If you are unsure which command to start with, run:

valska-bayeseor-help

If you want copy/paste command sequences rather than a command map, jump to Detailed examples.

CLI quick reference

Setup And Submission

Command	Purpose	Detailed docs
`valska-bayeseor-help`	Print command index and common workflows	operations: command index
`valska-bayeseor-prepare`	Prepare one run directory and artefacts	valska-bayeseor-prepare
`valska-bayeseor-sweep`	Prepare and/or submit sweep points	valska-bayeseor-sweep
`valska-bayeseor-submit`	Submit CPU/GPU stages for one prepared run	valska-bayeseor-submit –stage cpu, valska-bayeseor-submit –stage gpu

Reporting And Health

Command	Purpose	Detailed docs
`valska-bayeseor-report`	Generate report tables/plots for one sweep	reporting: CLI usage
`valska-bayeseor-list-sweeps`	Discover available sweep directories	reporting: wrapper script usage
`valska-bayeseor-sweep-status`	Inspect per-point completeness for one sweep	reporting: sweep health helpers
`valska-bayeseor-validate-sweep`	Validate sweep integrity with exit-code semantics	reporting: sweep health helpers
`valska-bayeseor-sweep-audit`	Aggregate discovery + status + validation	reporting: sweep health helpers

Operations

Command	Purpose	Detailed docs
`valska-bayeseor-resume`	Generate exact submit commands for incomplete points	operations: resume incomplete sweep points
`valska-bayeseor-report-all`	Batch-generate reports across discovered sweeps	operations: batch reporting
`valska-bayeseor-compare-sweeps`	Compare metrics between two sweep summaries	operations: compare two sweep outcomes
`valska-bayeseor-cleanup`	Safe cleanup workflow (dry-run by default)	operations: cleanup

Quick Definitions

a single point is one prepared run directory for one perturbation value
a sweep is a collection of single-point runs across multiple perturbation values

Which command should I use?

Need a quick command map before you start? → valska-bayeseor-help
Need to create run inputs/scripts for one single-point run? → valska-bayeseor-prepare
Need to submit stages for one prepared run dir? → valska-bayeseor-submit
Need to prepare/submit a sweep across multiple perturbation values? → valska-bayeseor-sweep
Need to inspect one sweep health quickly? → valska-bayeseor-sweep-status
Need pass/fail validation semantics for one sweep? → valska-bayeseor-validate-sweep
Need campaign-wide health and validation overview? → valska-bayeseor-sweep-audit
Need restart suggestions for incomplete points? → valska-bayeseor-resume
Need reports for one sweep? → valska-bayeseor-report
Need reports for many sweeps? → valska-bayeseor-report-all
Need side-by-side metric comparison between two sweeps? → valska-bayeseor-compare-sweeps
Need maintenance cleanup (dry-run first)? → valska-bayeseor-cleanup

For command-local examples of helper CLIs, run each command with --help.

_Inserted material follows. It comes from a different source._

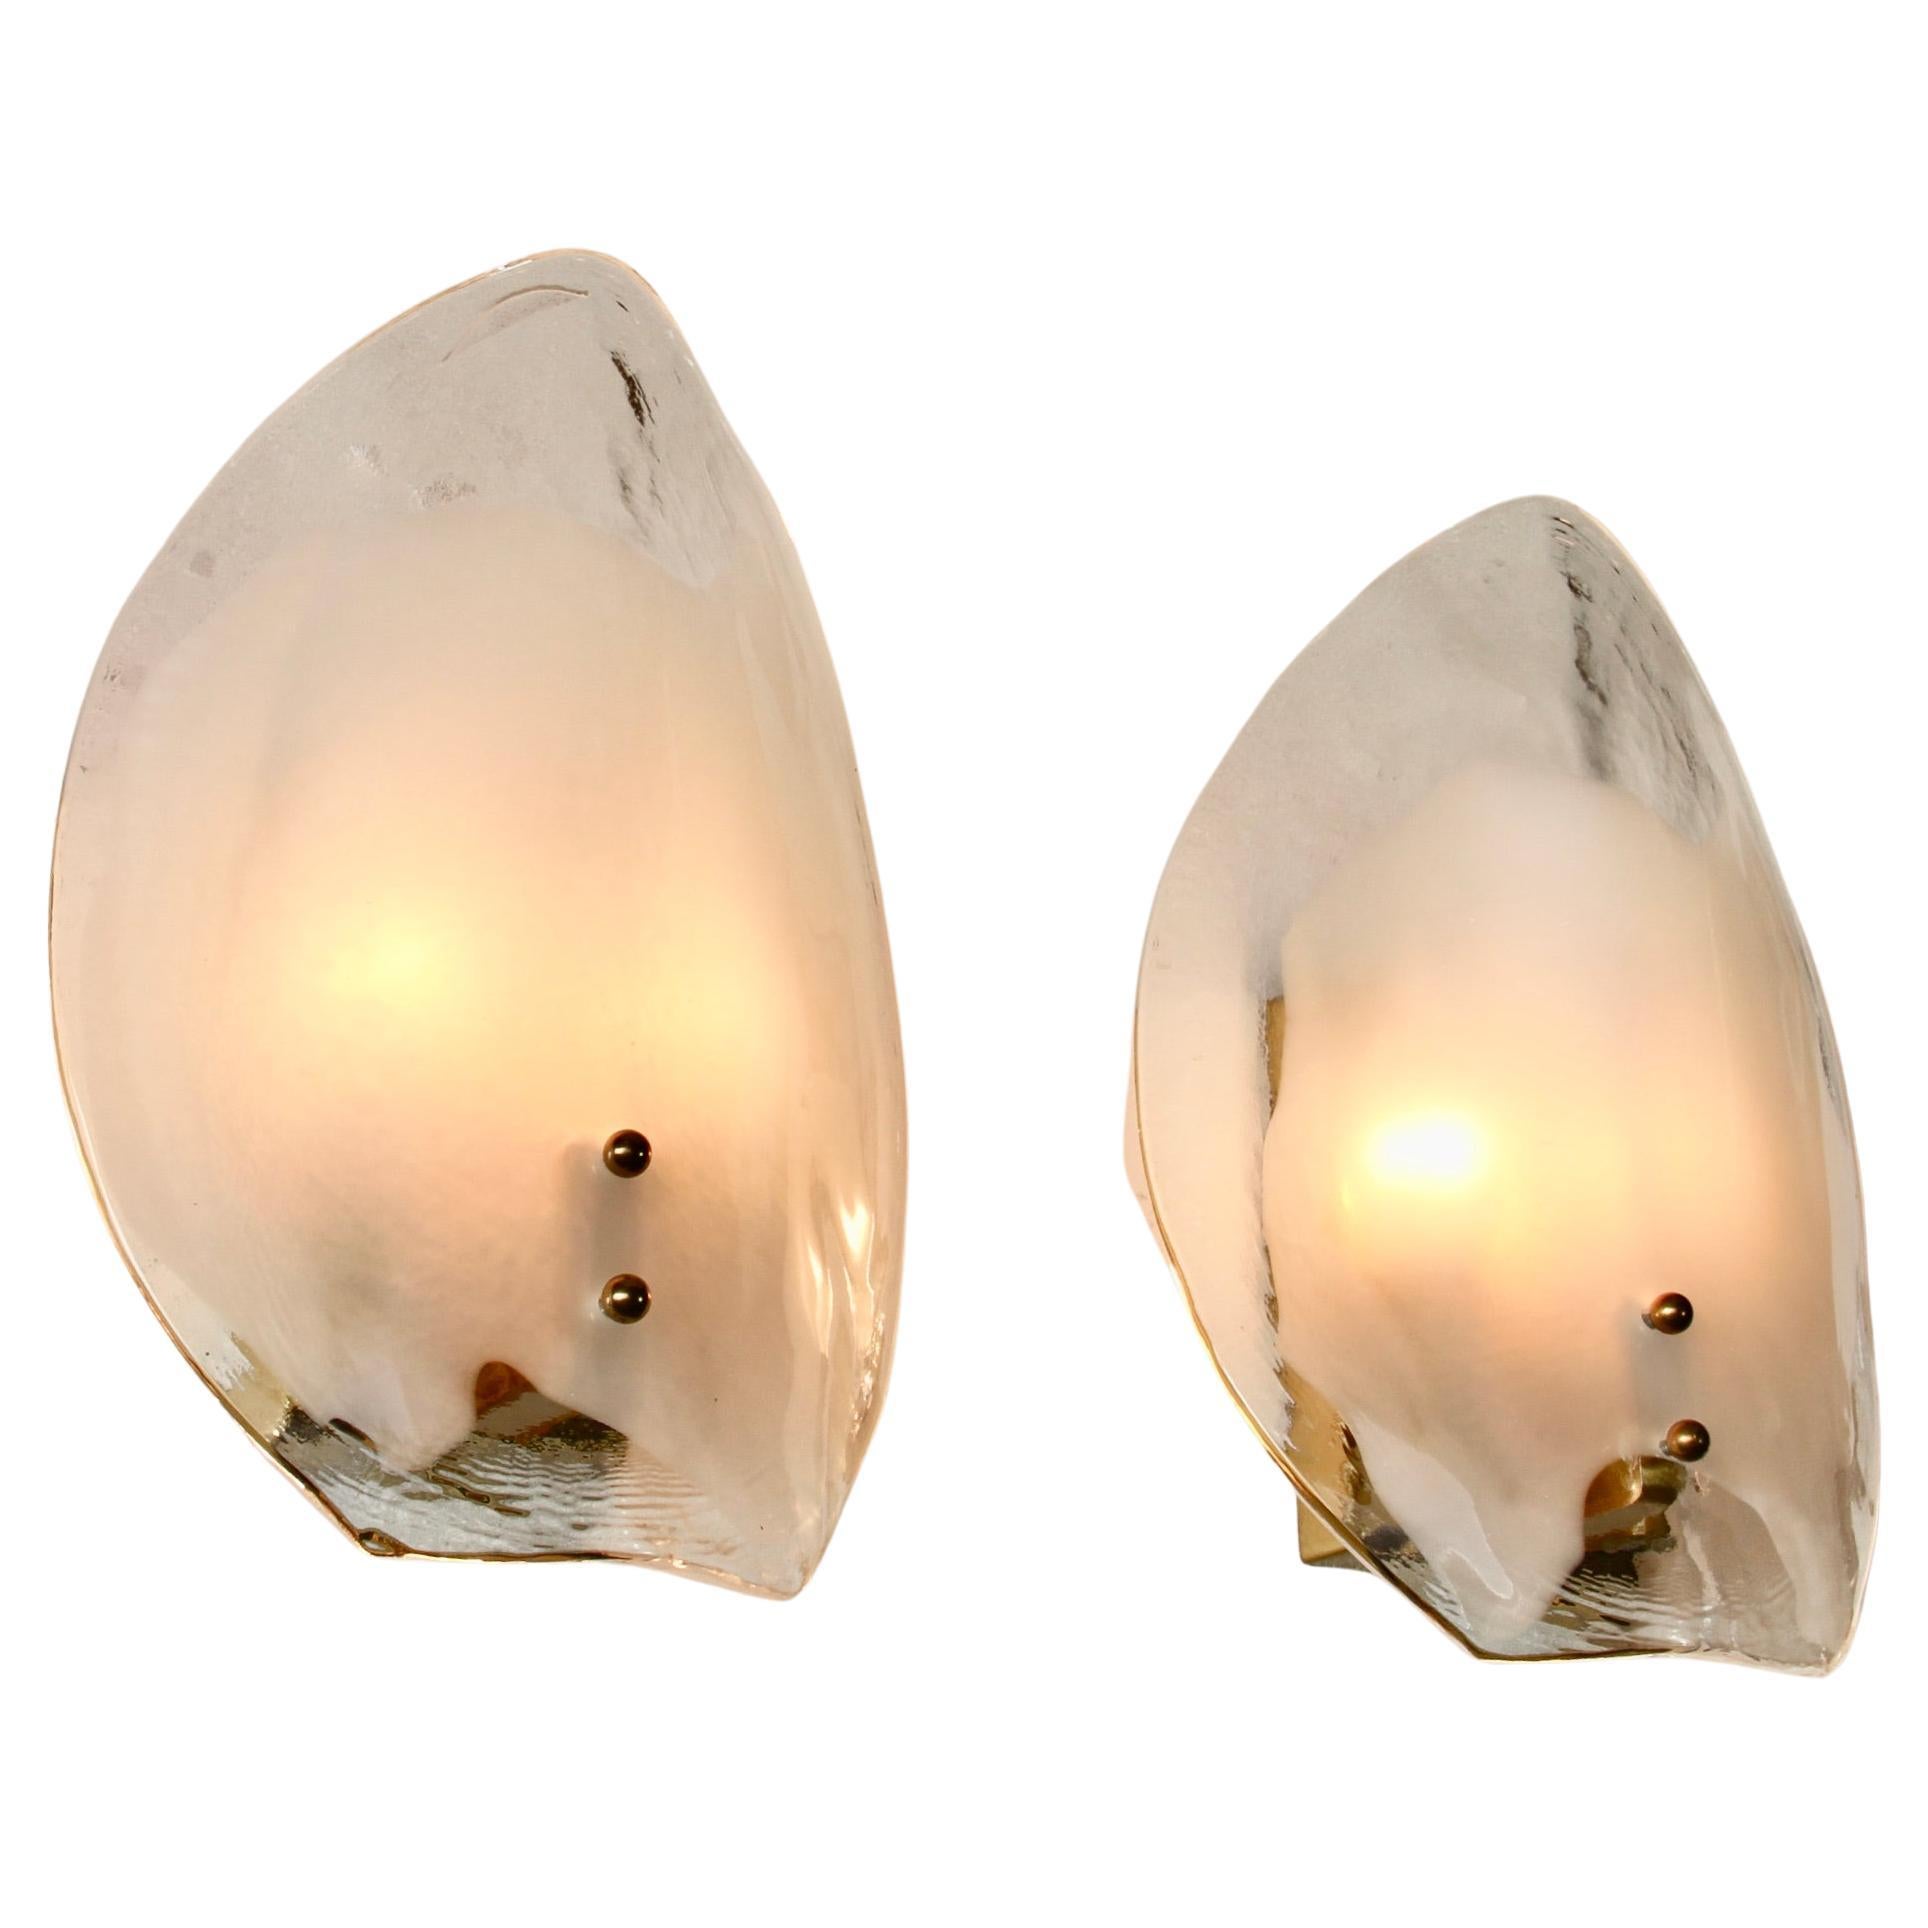 Vintage Mid-Century Modern rare pair of organic brass, white and clear Murano glass double socketed wall lamps, lights or sconces by Austrian lighting manufacturer Kalmar, circa 1970s. Featuring two folded, curved 'flower petal' shaped glass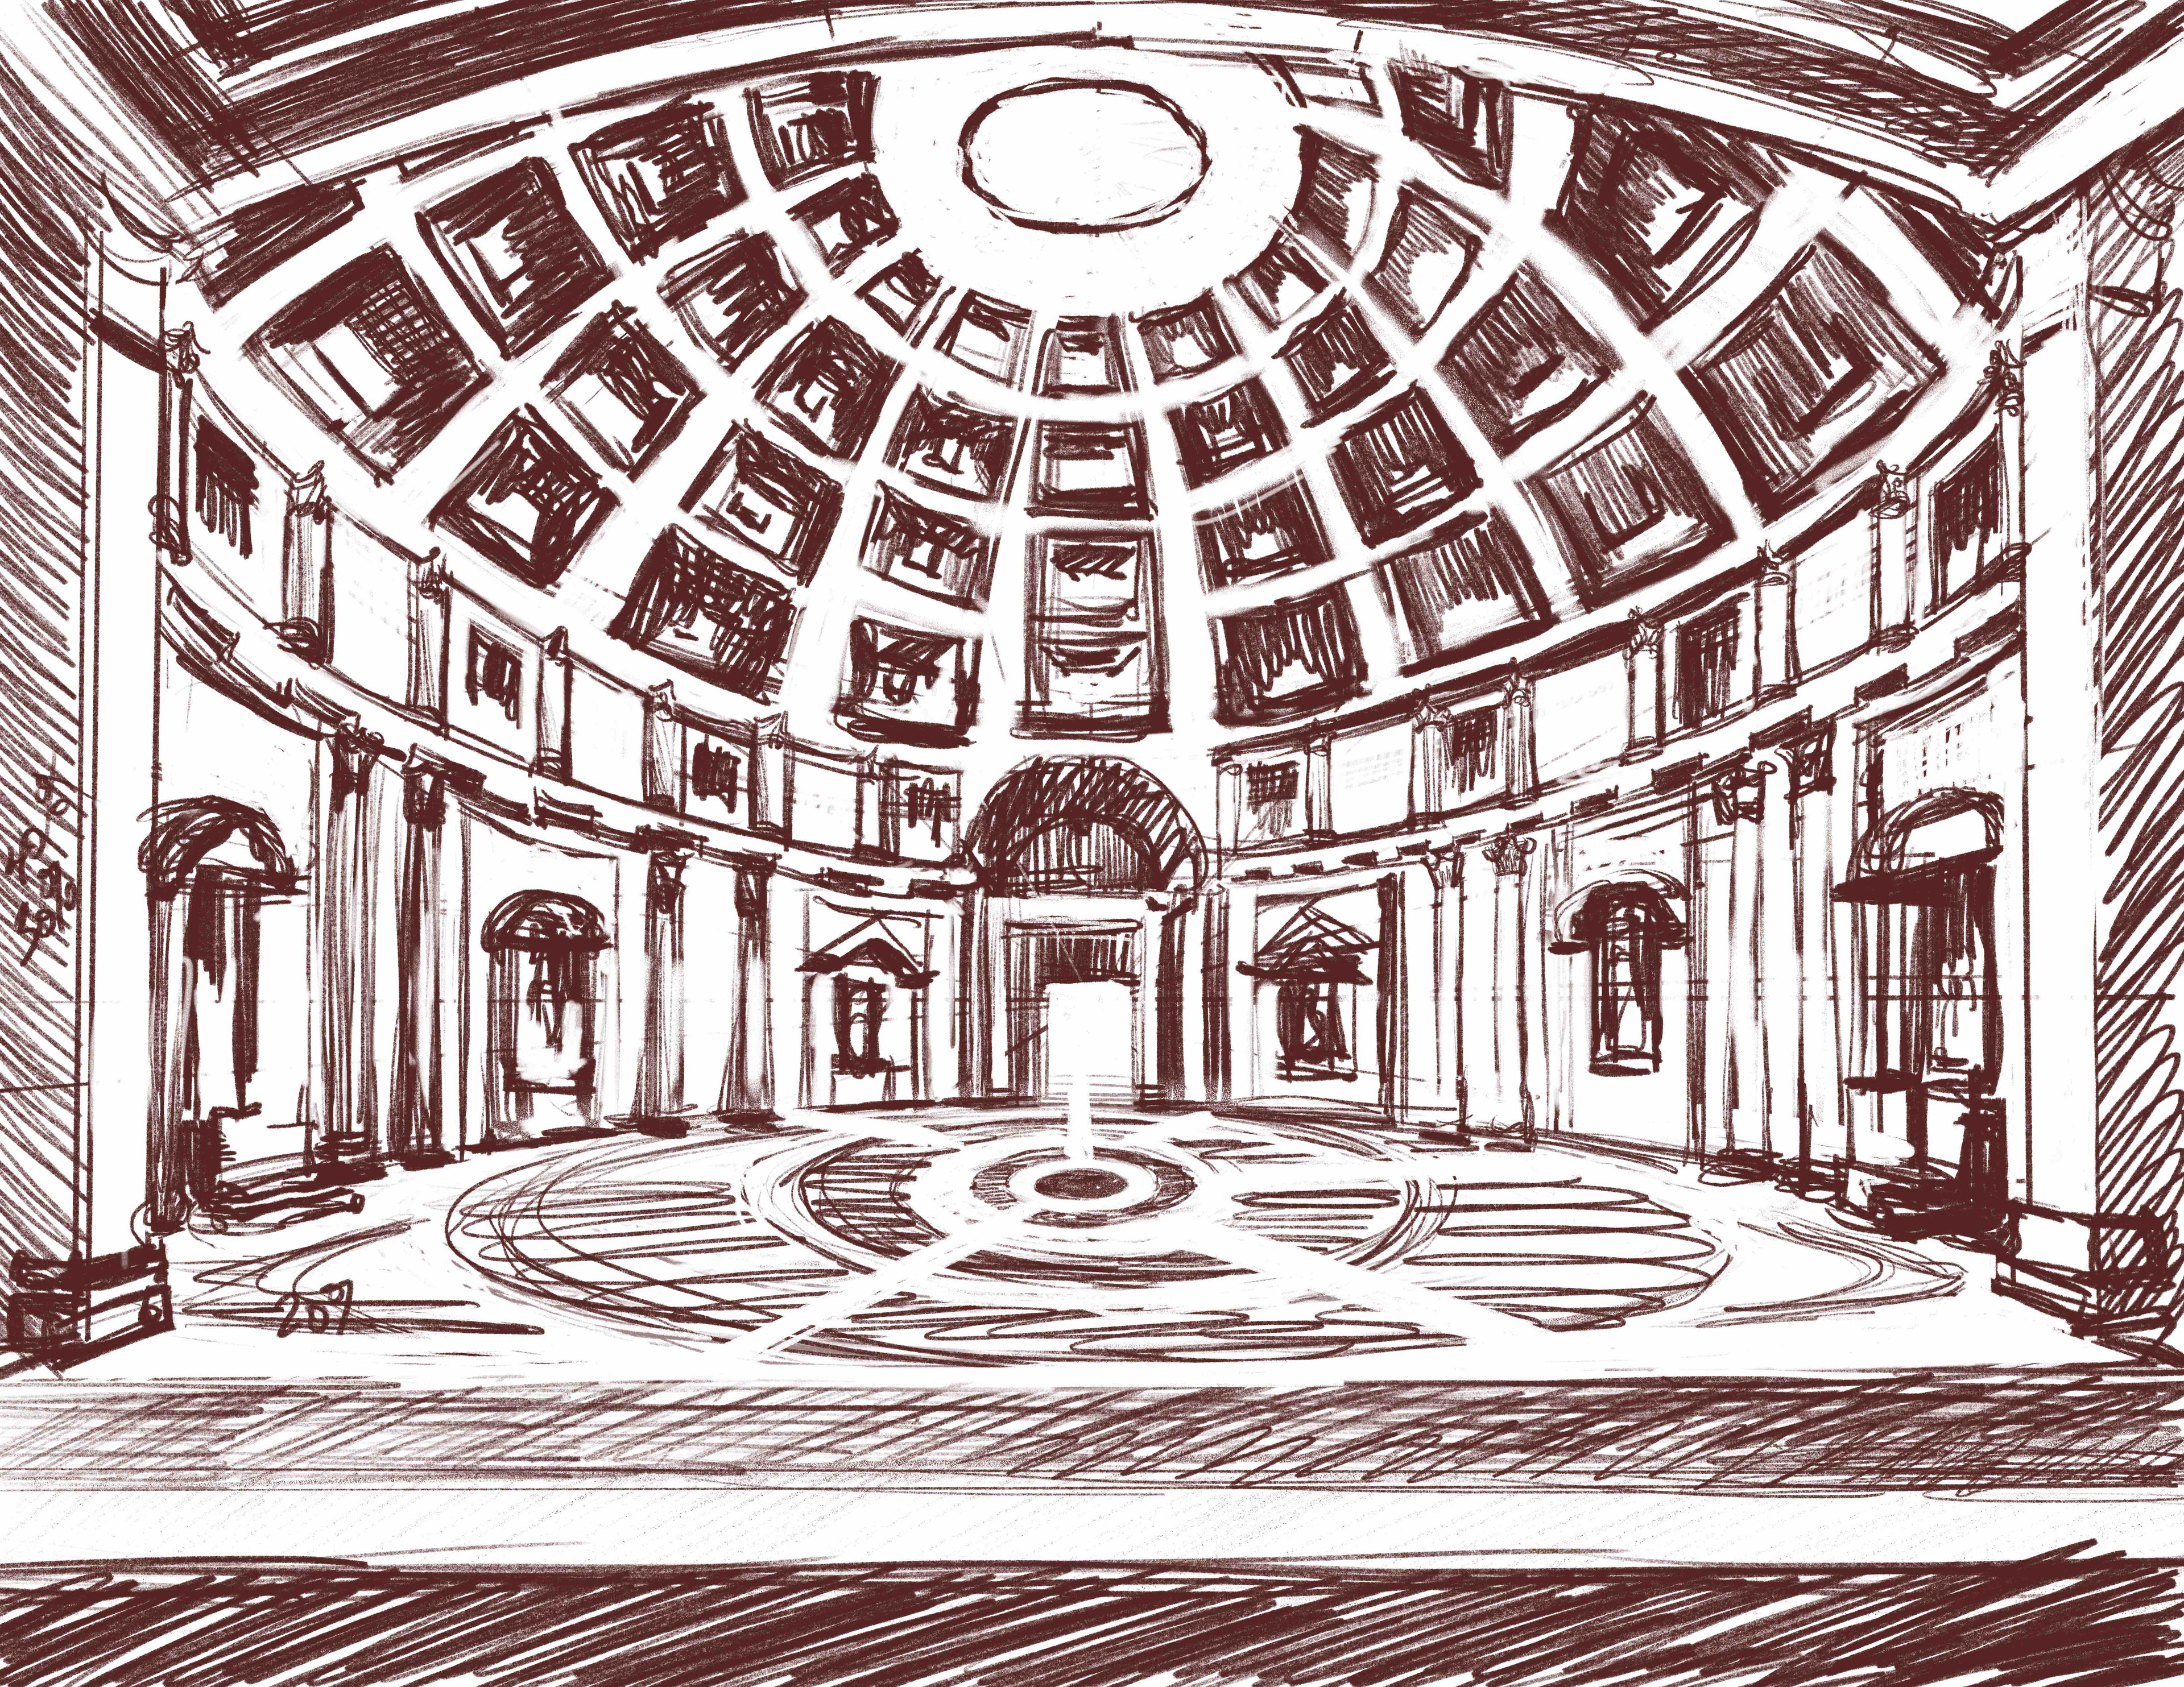 Light and Dark structure for the background drawing of the Italian architecture. Necessary for production.

Public documentation note:

do not put personal filesystem paths into your committed runtime_paths.yaml
replace all example paths with paths that are valid for your own system or site

Replace:

achromatic_Gaussian with a beam-model label matching the data you are analysing
GLEAM with a sky-model label matching the data you are analysing
...uvh5 with your dataset
RUN_ID / SWEEP_ID with something meaningful

valska-bayeseor-help

If you want the shortest possible command map before you start:

valska-bayeseor-help

For topic-specific help:

valska-bayeseor-help --topic setup
valska-bayeseor-help --topic submission
valska-bayeseor-help --topic reporting

valska-bayeseor-prepare

What this command does:

creates a run directory containing:
BayesEoR config YAML(s)
SLURM submit scripts for CPU and GPU stages
a manifest recording provenance and resolved paths

Dry-run example:

valska-bayeseor-prepare \
  --beam achromatic_Gaussian \
  --sky GLEAM \
  --data gsm_plus_gleam-158.30-167.10-MHz-nf-38-fov-19.4deg-circ-field-1_quentin.uvh5 \
  --run-id RUN_ID \
  --fwhm-perturb-frac 0.01 \
  --dry-run

To create the files for real, run the same command without --dry-run.

valska-bayeseor-sweep

A sweep prepares N run dirs (one per FWHM perturbation) and can optionally submit CPU/GPU stages across all points.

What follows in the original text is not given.